- **Task to complete**
Among the entries below, please repeat exactly and only the lines from the line containing "Bosch Werkzeug Geradschleifer" to the line containing "Uma alternativa ao", both lines included.

- **Exercise input**
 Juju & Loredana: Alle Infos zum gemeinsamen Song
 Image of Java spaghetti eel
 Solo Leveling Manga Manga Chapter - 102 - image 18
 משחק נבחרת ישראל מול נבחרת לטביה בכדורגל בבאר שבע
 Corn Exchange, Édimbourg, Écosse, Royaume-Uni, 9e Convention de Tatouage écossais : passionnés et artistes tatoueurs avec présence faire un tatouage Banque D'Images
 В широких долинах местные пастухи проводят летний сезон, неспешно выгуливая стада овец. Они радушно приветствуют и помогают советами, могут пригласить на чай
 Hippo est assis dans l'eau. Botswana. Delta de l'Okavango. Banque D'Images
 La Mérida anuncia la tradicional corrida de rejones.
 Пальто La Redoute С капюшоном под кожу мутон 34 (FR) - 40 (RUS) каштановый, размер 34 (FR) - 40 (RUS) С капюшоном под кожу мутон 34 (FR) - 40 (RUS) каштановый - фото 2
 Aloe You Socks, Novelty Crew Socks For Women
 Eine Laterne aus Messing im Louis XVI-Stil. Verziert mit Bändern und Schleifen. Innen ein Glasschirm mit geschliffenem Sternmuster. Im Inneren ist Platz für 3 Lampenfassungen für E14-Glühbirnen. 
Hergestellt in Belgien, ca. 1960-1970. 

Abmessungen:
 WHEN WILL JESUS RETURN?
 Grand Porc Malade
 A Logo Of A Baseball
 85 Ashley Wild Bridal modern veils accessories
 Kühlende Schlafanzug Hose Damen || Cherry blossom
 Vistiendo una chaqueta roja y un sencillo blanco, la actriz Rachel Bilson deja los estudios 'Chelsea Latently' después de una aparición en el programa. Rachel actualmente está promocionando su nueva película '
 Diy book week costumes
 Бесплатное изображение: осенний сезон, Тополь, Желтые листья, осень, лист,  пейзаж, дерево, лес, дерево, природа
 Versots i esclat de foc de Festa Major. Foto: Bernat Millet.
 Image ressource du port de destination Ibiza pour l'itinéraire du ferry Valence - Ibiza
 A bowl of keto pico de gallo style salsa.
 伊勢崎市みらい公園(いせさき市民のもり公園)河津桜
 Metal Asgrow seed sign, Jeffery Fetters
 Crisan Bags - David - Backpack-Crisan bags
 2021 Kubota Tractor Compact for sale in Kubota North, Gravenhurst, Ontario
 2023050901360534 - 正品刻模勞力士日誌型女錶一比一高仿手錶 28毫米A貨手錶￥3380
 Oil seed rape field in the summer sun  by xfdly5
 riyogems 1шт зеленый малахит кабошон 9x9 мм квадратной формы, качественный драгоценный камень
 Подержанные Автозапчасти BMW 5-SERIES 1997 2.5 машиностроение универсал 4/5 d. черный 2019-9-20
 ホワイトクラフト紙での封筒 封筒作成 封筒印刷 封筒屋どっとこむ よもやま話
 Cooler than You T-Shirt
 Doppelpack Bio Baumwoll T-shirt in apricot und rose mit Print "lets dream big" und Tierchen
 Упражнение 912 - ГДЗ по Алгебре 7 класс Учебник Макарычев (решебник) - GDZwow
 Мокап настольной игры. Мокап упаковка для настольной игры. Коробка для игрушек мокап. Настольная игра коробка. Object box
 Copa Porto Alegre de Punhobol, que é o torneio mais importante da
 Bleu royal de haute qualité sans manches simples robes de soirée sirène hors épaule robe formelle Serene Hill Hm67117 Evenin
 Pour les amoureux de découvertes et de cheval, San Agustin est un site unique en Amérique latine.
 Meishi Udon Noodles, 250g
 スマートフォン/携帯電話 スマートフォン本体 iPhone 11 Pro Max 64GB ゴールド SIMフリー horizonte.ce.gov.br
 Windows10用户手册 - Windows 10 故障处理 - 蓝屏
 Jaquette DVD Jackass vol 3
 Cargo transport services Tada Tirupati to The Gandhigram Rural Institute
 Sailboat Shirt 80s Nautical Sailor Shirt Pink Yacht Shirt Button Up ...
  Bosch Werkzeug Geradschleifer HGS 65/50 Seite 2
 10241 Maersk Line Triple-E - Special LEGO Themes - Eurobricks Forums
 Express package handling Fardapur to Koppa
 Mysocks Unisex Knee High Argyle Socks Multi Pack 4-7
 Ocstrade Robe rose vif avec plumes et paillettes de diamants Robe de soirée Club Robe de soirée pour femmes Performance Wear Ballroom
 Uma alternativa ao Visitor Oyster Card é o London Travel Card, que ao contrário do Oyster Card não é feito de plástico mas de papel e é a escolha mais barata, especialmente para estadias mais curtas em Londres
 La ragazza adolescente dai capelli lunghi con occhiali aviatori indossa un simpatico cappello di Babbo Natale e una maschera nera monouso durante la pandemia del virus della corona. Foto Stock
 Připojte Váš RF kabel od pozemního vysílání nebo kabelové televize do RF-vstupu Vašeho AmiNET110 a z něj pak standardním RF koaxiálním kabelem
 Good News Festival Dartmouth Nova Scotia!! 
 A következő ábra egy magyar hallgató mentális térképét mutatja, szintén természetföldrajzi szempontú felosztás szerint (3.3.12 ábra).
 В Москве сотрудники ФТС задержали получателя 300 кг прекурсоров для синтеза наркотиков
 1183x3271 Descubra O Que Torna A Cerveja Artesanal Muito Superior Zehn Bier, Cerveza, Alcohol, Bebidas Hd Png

- **Answer for this exercise**
  Bosch Werkzeug Geradschleifer HGS 65/50 Seite 2
 10241 Maersk Line Triple-E - Special LEGO Themes - Eurobricks Forums
 Express package handling Fardapur to Koppa
 Mysocks Unisex Knee High Argyle Socks Multi Pack 4-7
 Ocstrade Robe rose vif avec plumes et paillettes de diamants Robe de soirée Club Robe de soirée pour femmes Performance Wear Ballroom
 Uma alternativa ao Visitor Oyster Card é o London Travel Card, que ao contrário do Oyster Card não é feito de plástico mas de papel e é a escolha mais barata, especialmente para estadias mais curtas em Londres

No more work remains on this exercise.